According to the Financial Times, Elliott and Starbucks former CEO Howard Schultz have allegedly clashed behind the scenes and are struggling to come to an agreement. Schultz has been outspoken about his criticism of his successor’s leadership at the helm of Starbucks, and implied in a LinkedIn post that the company was biting off more than it could chew, and that leadership should instead be taking a “maniacal focus” on customer experience.
In the latest reports, Elliott allegedly proposed a deal that would involve expanding the board but allowing Narasimhan to keep his job, though Starbucks has apparently not yet responded to the deal, according to CNBC.

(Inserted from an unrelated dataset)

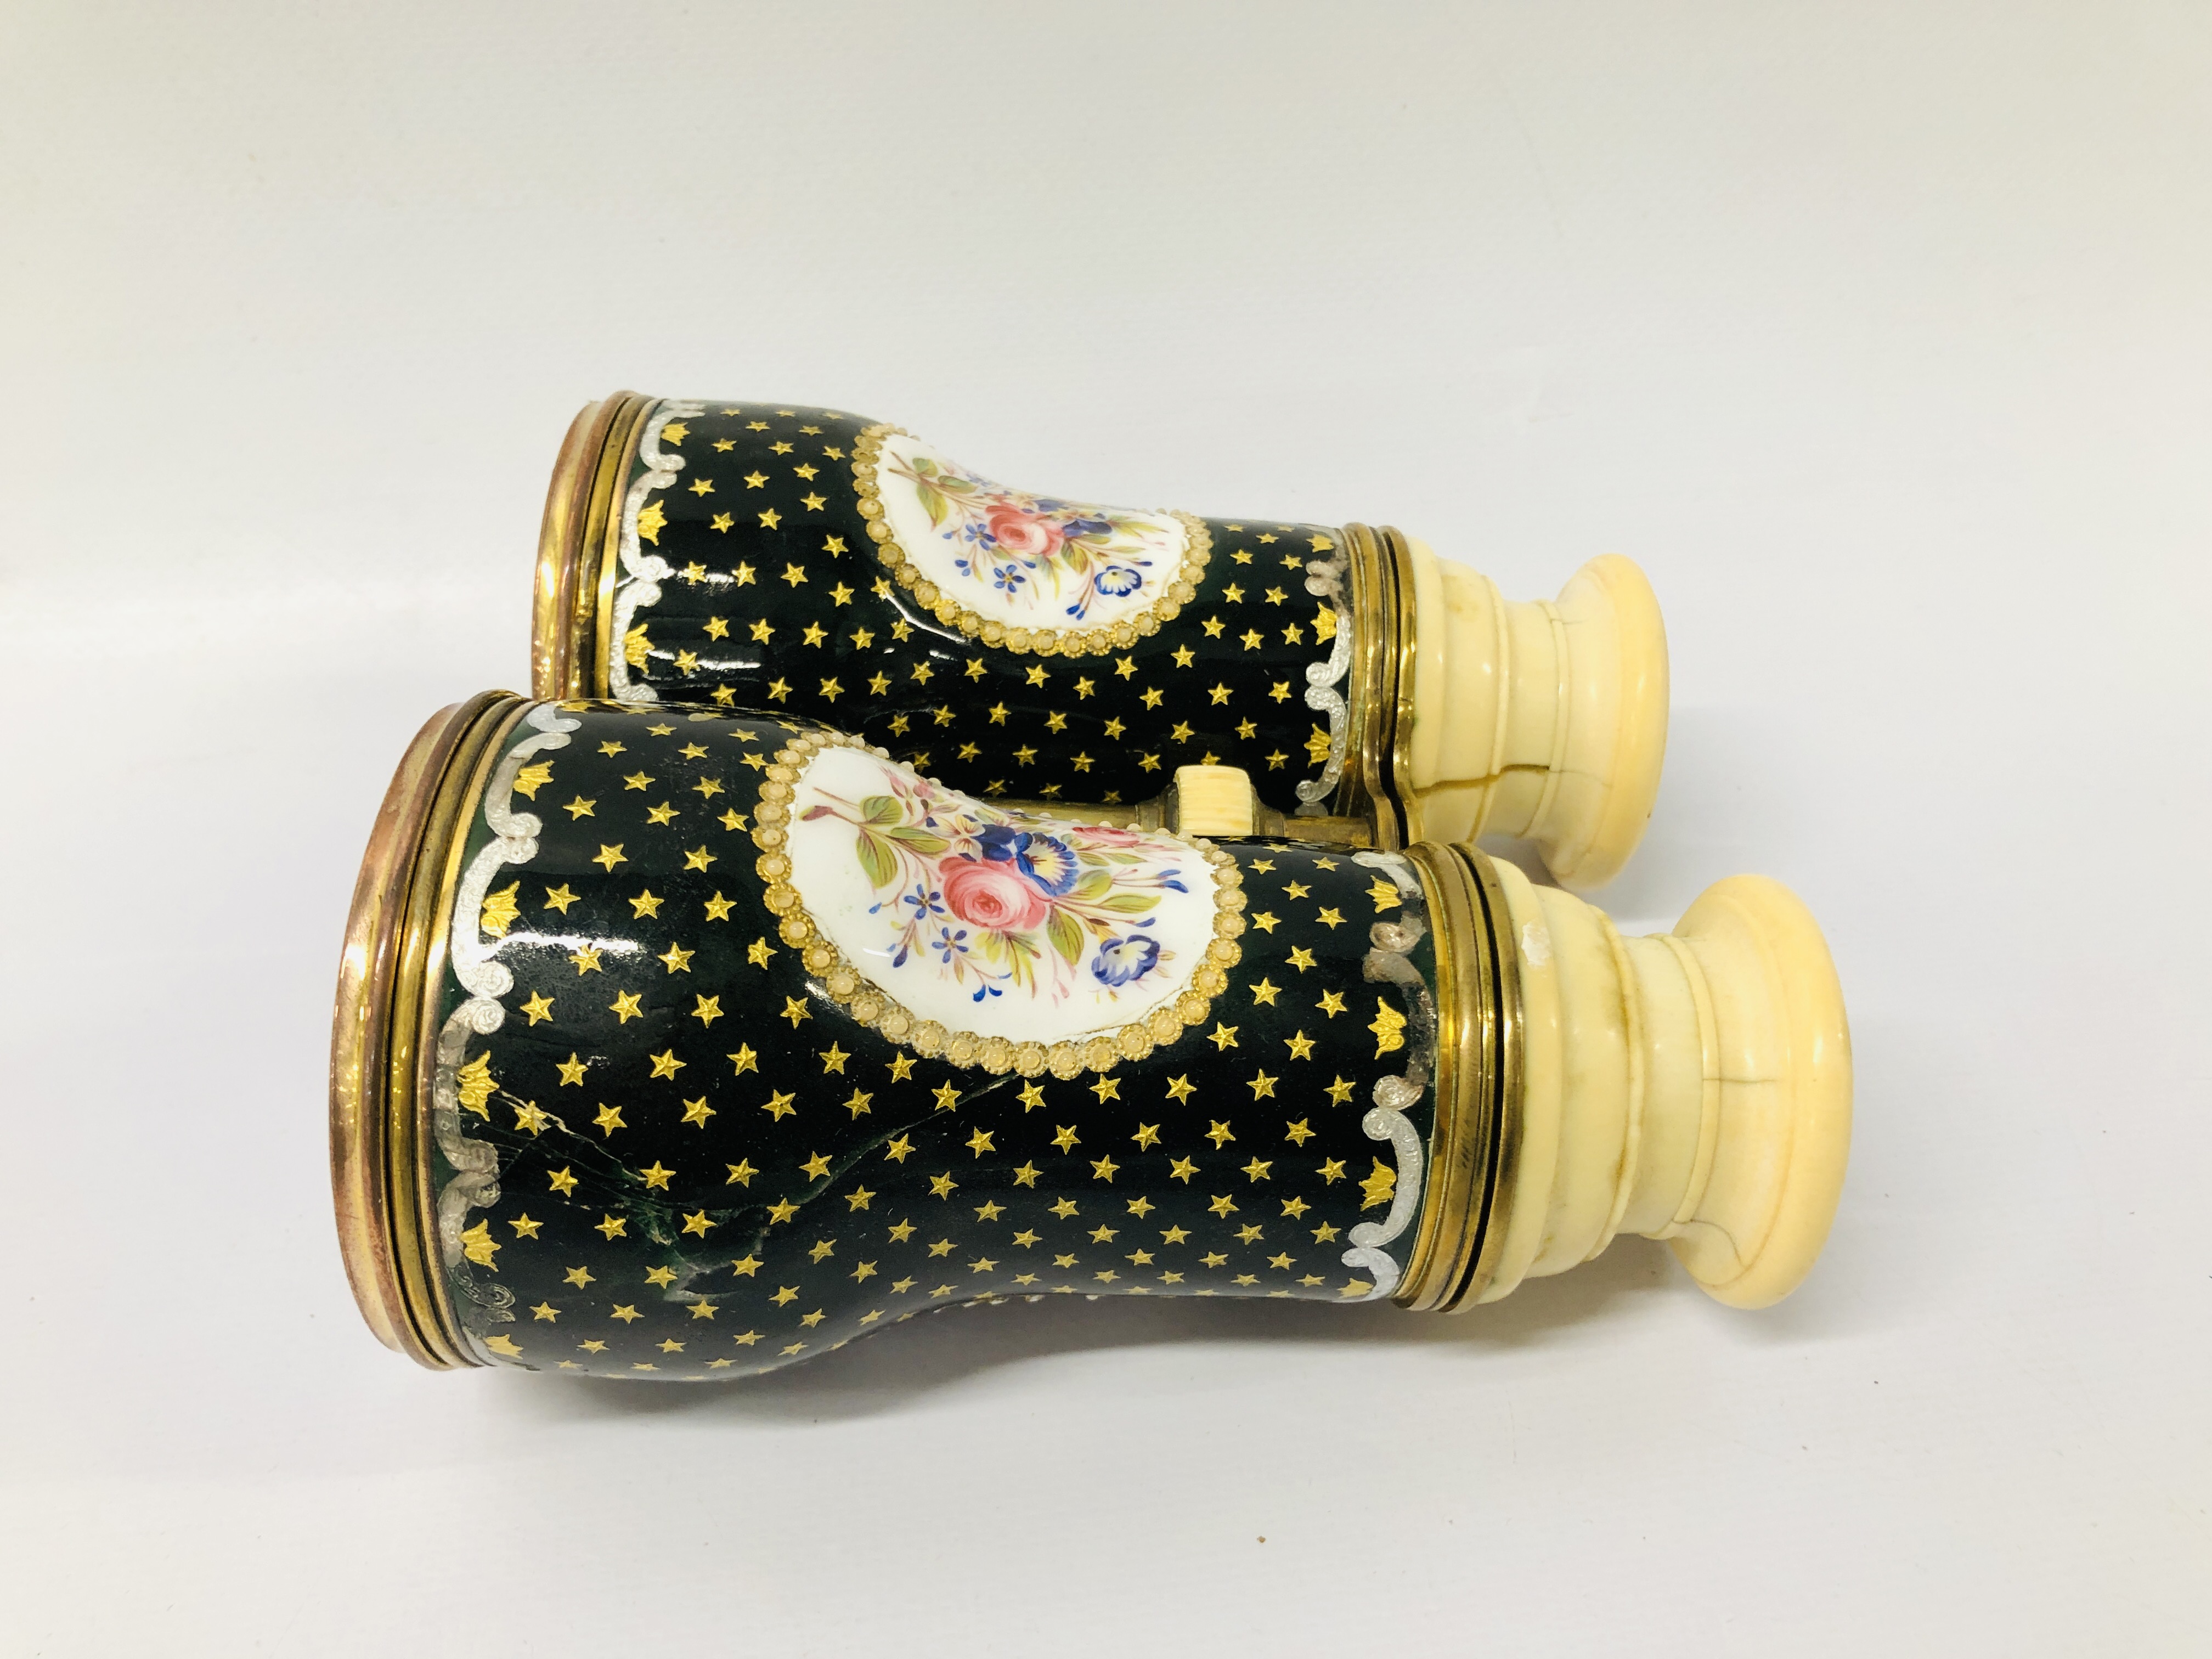 PAIR OF ANTIQUE IVORY AND ENAMEL OPERA GLASSES C1880 - Image 4 of 8
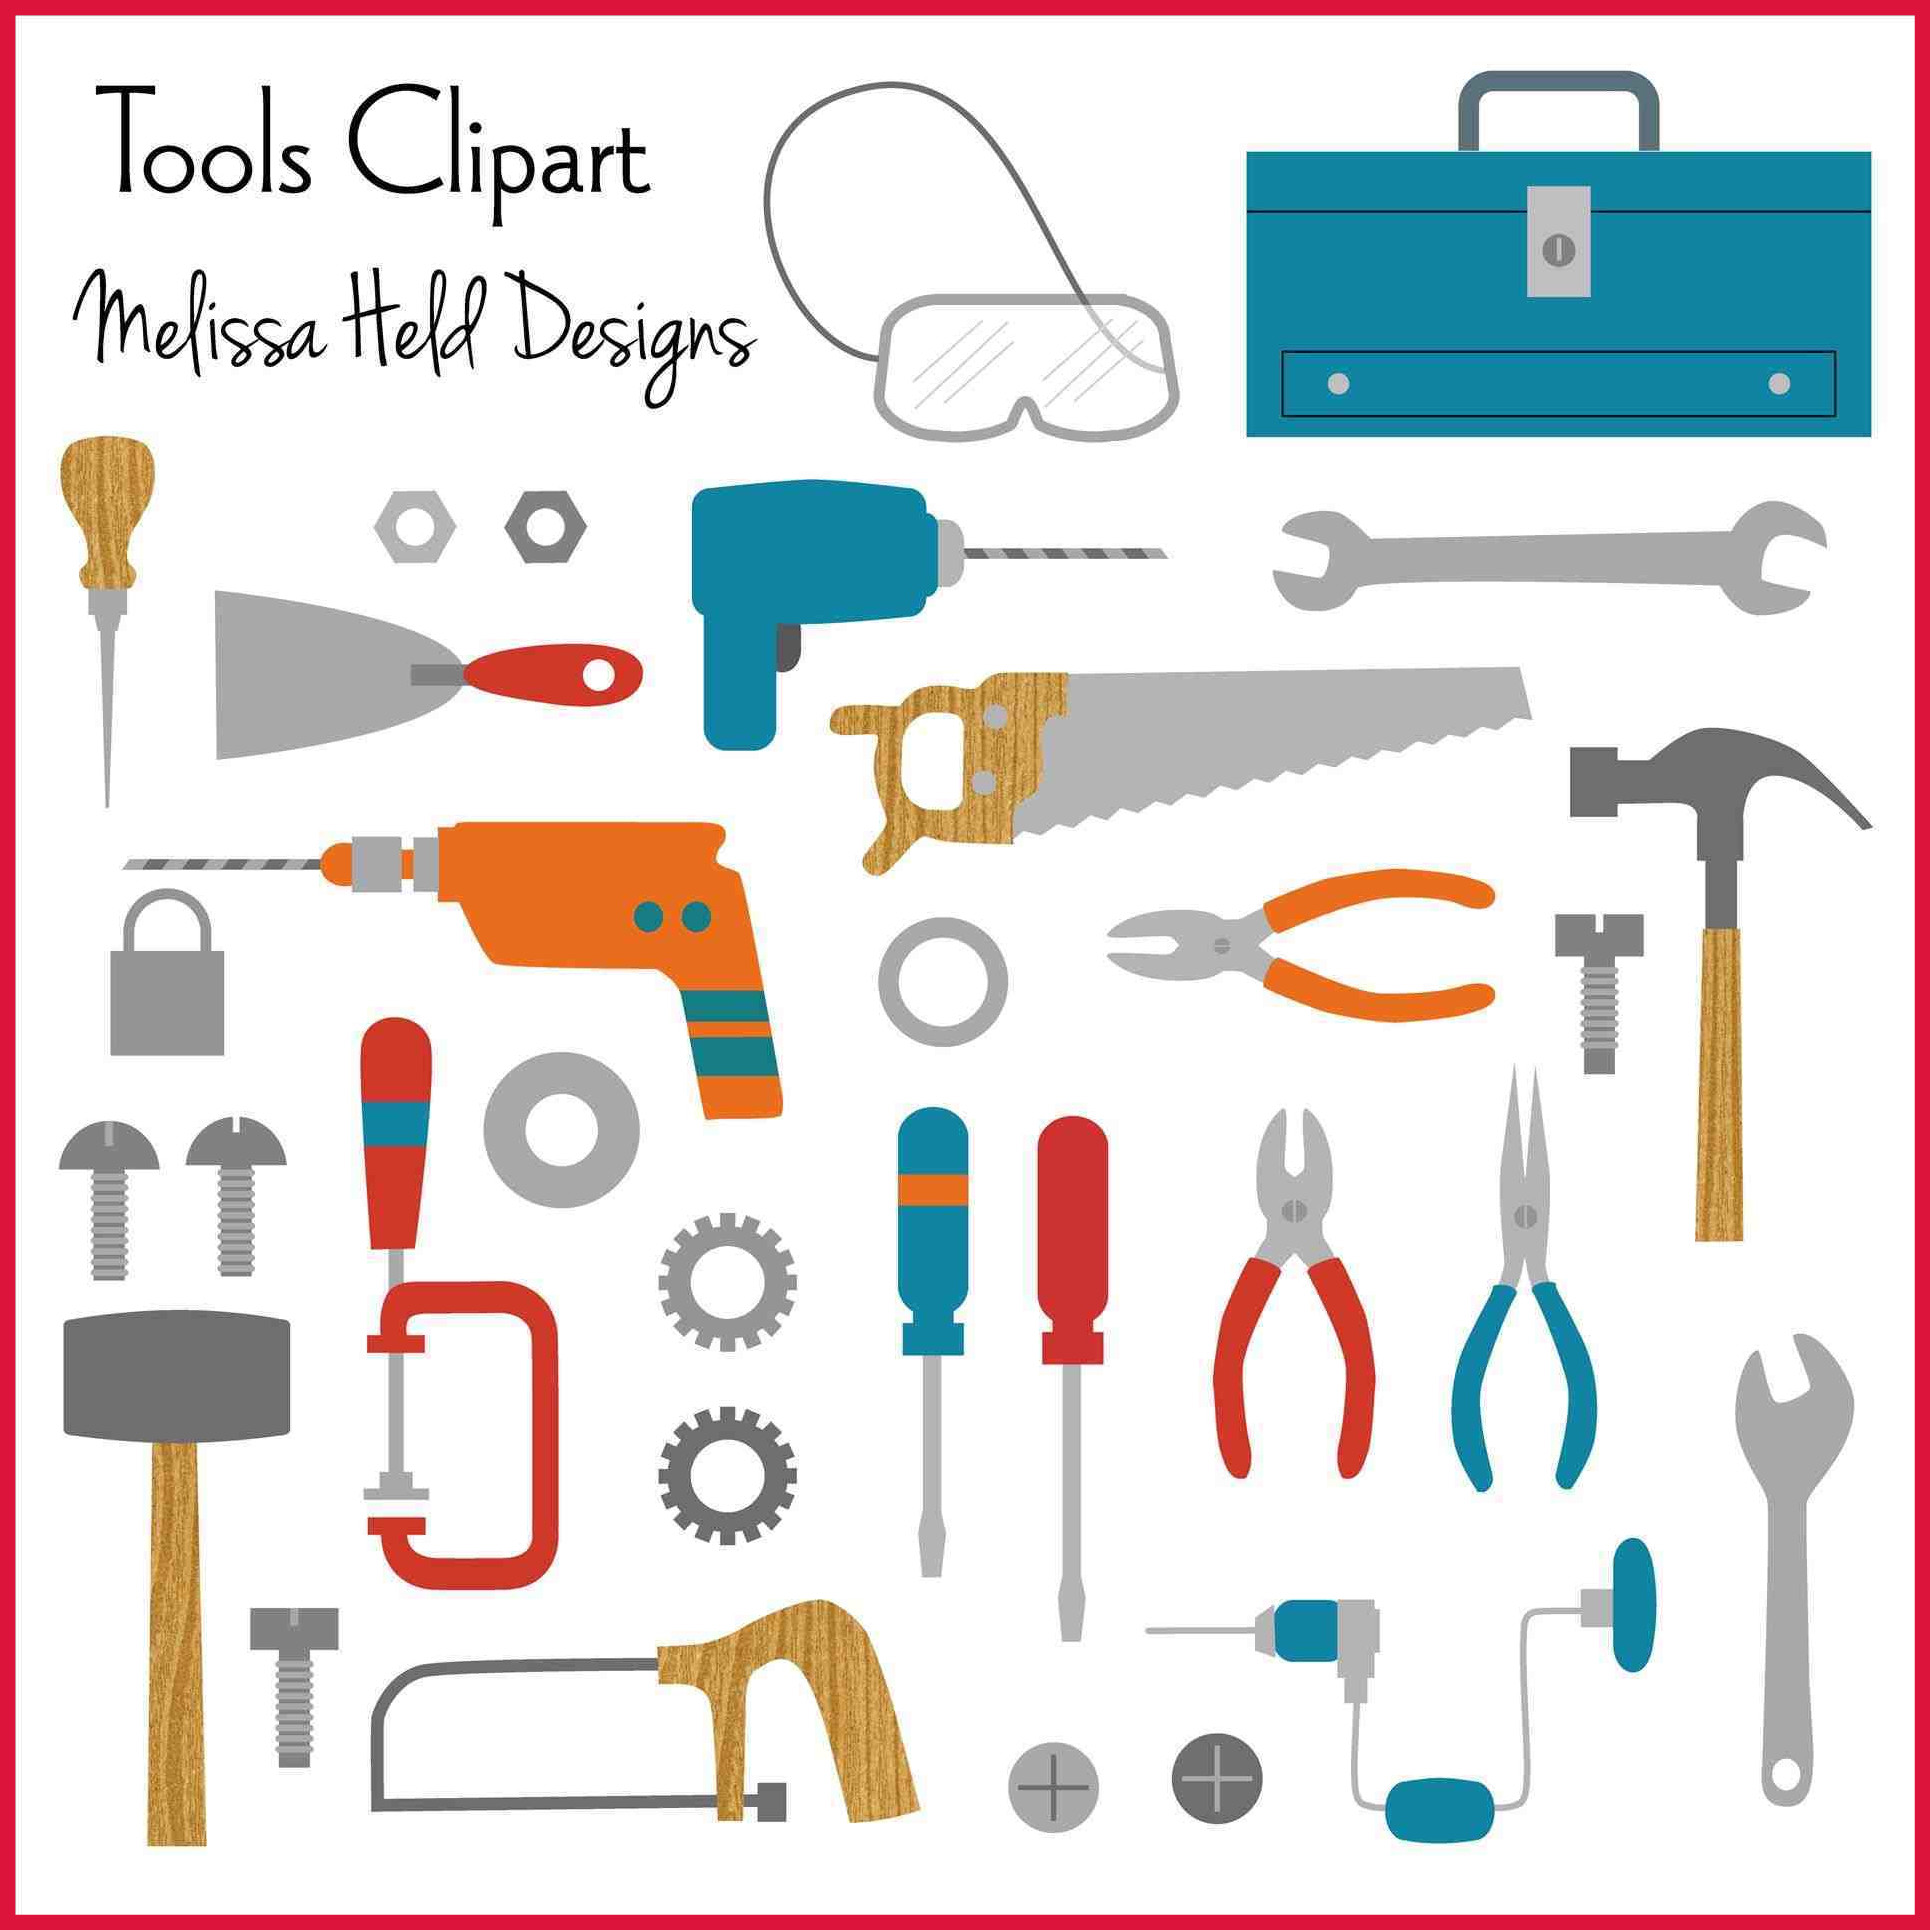 carpentry clipart engineering tool

Investors taking a more active role in public foodservice companies is not unusual, though they are often pulled in during times of crisis at a company, and it is unclear whether Starbucks’ two disappointing quarters are enough of a backslide to ring warning bells that the coffee chain needs outside help to remain dominant in the coffee sector.
Another example of an activist investor in the foodservice industry is Starboard Value LLP, which has over the years taken active roles in turning around once-struggling companies like Darden Restaurants in 2014, Papa Johns in 2020 after the company struggled to bounce back from its controversial clashes with founder John Schnatter, and most recently, Bloomin’ Brands last year.
NRN reached out to Starbucks for further comment but did not receive a response in time for publication.